> Exercise: Your copy starts at the line containing "Materialst/ärke Hochwertige Edelstahl" and ends at the last line of the material below. Reproduce those lines exactly, with no pictures.

> Given information:
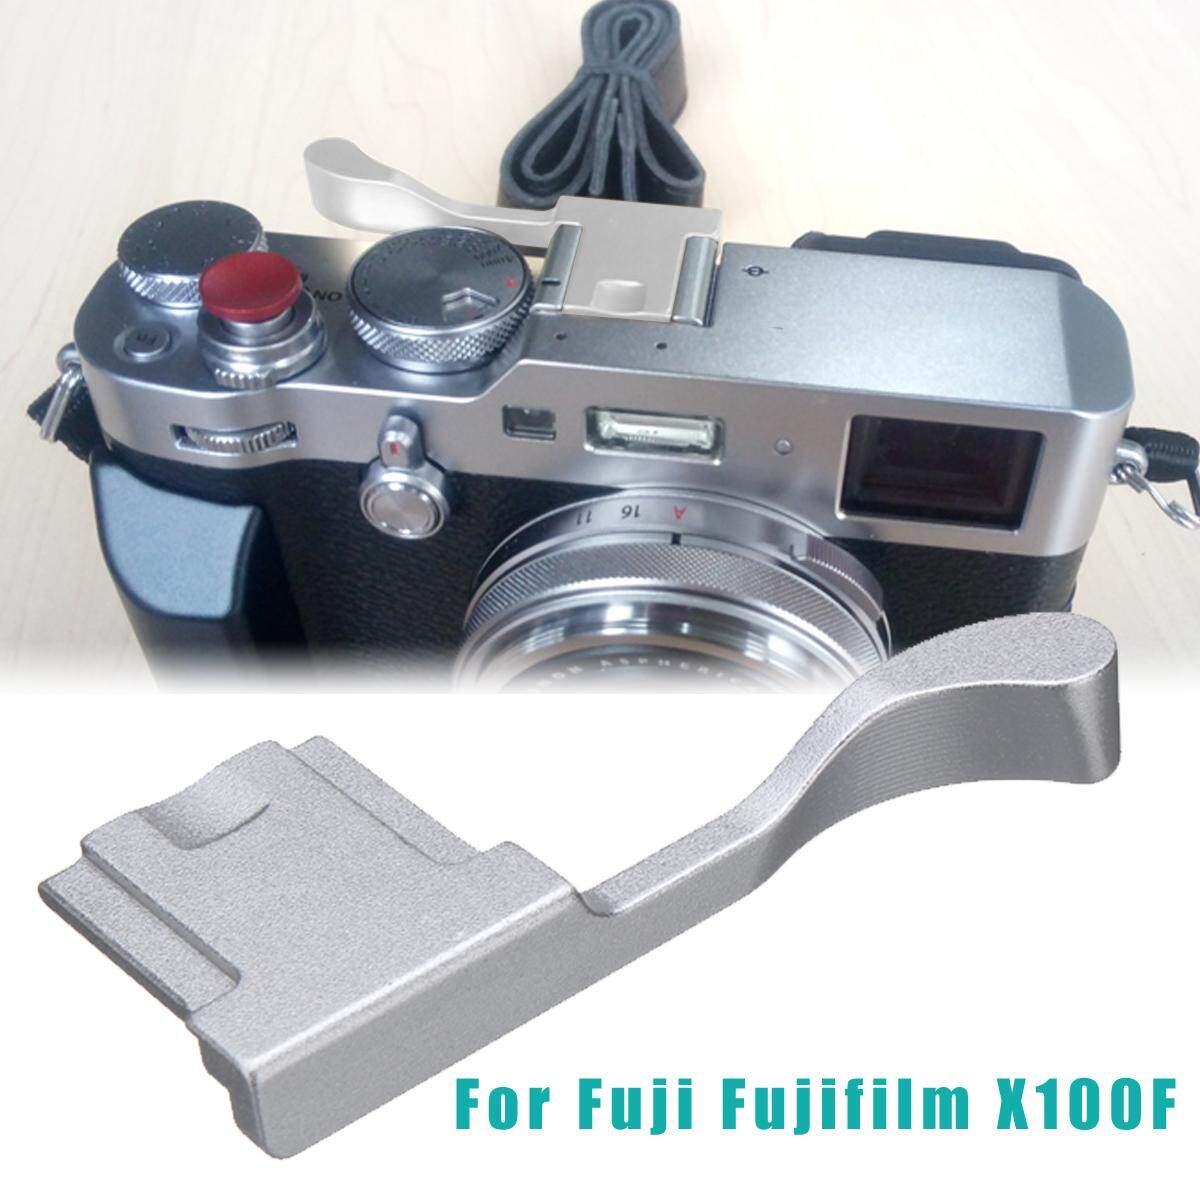 Bantalan Jempol Grip Menggantikan UNTUK Fuji Fujifilm X100F Mirrorless Digital Camera-Intl
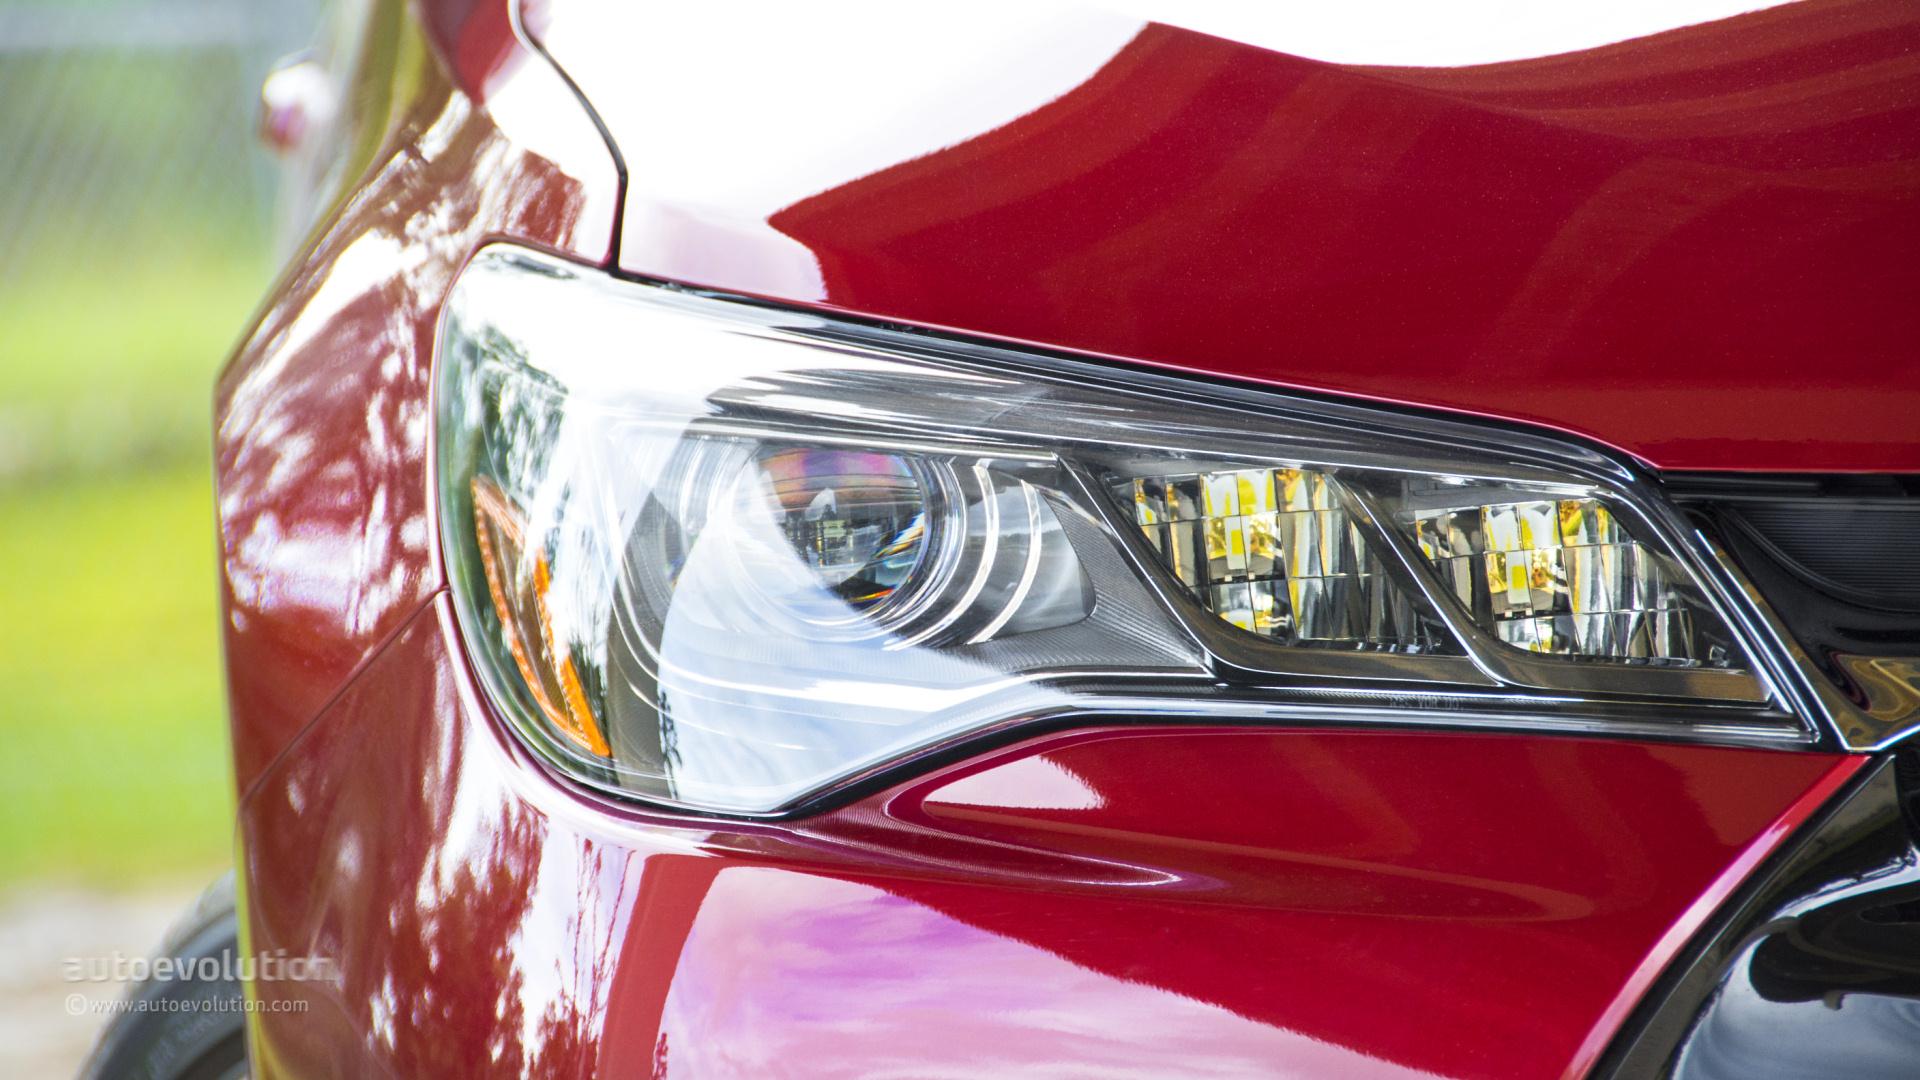 2015 toyota camry headlight size
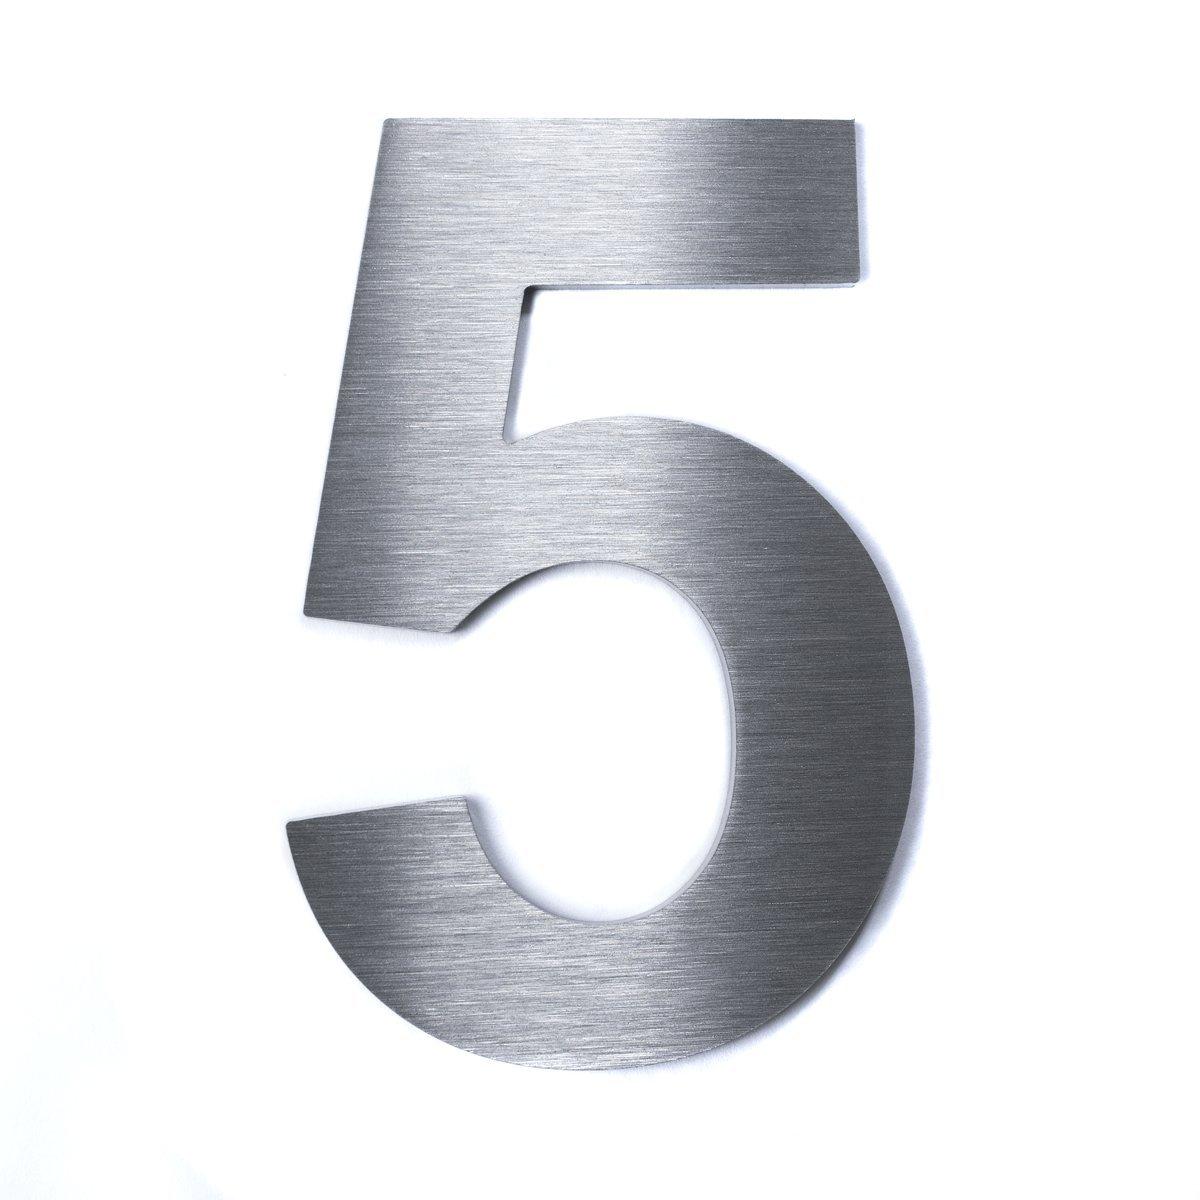 Materialst/ärke Hochwertige Edelstahl V2A HausnummerKlassisch grob geschliffen massiv /& rostfrei H/öhe 2mm 1 200mm
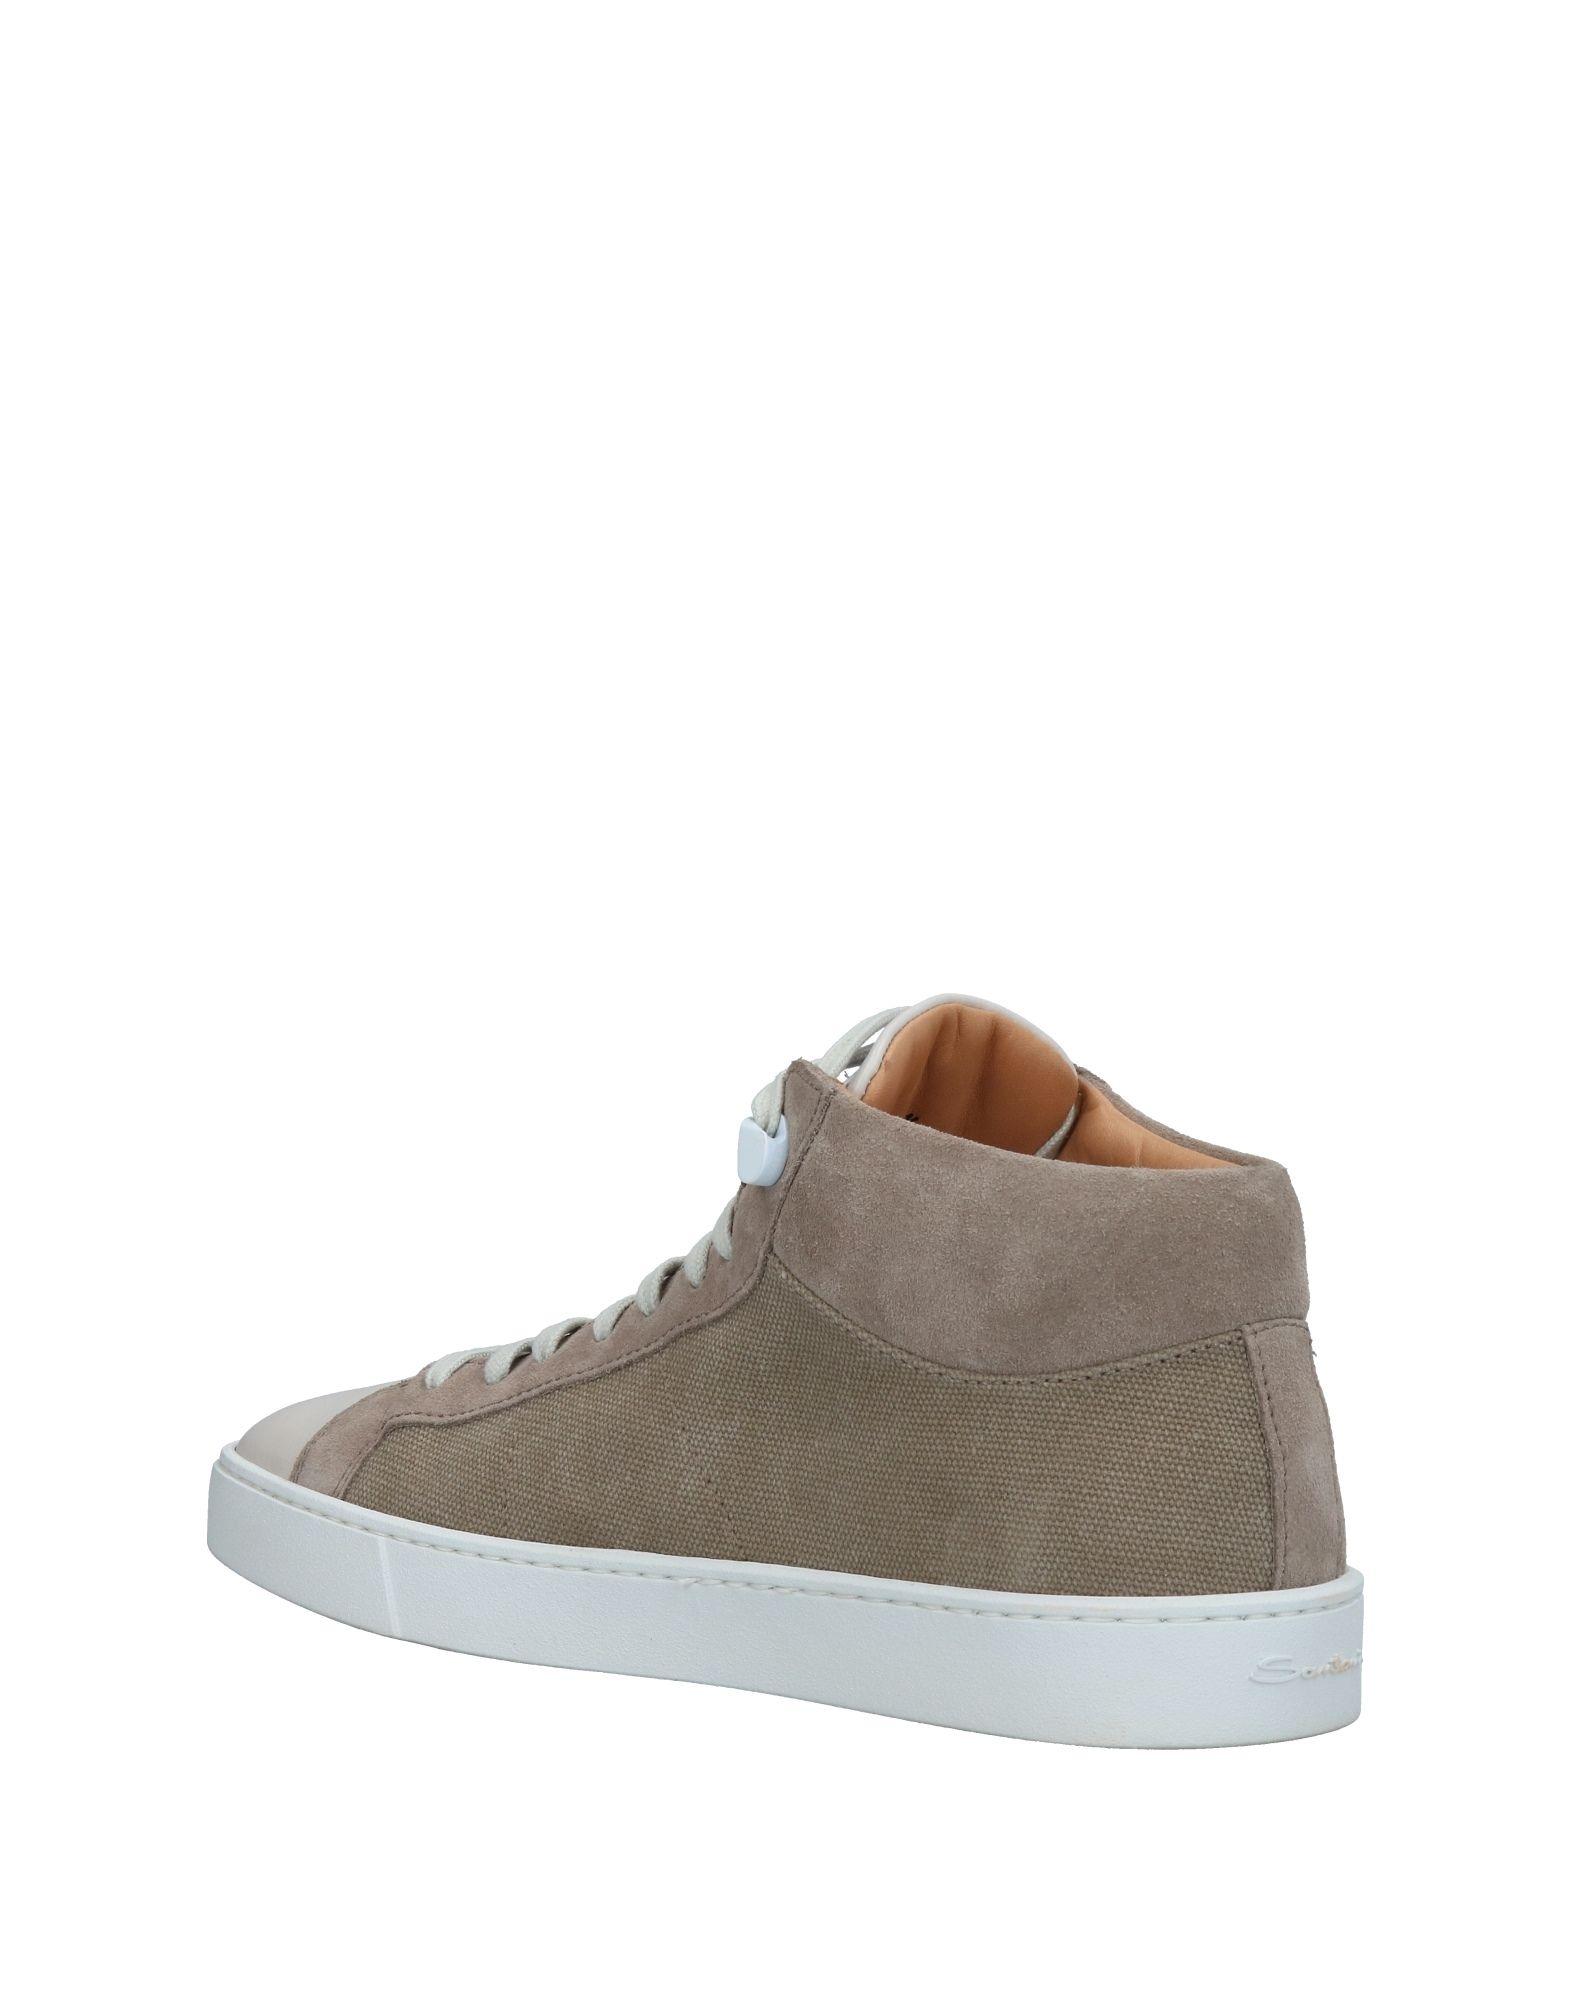 Santoni Sneakers Herren  11410767IB Heiße Schuhe 3da01a

> Final answer:
 Materialst/ärke Hochwertige Edelstahl V2A HausnummerKlassisch grob geschliffen massiv /& rostfrei H/öhe 2mm 1 200mm
 Santoni Sneakers Herren  11410767IB Heiße Schuhe 3da01a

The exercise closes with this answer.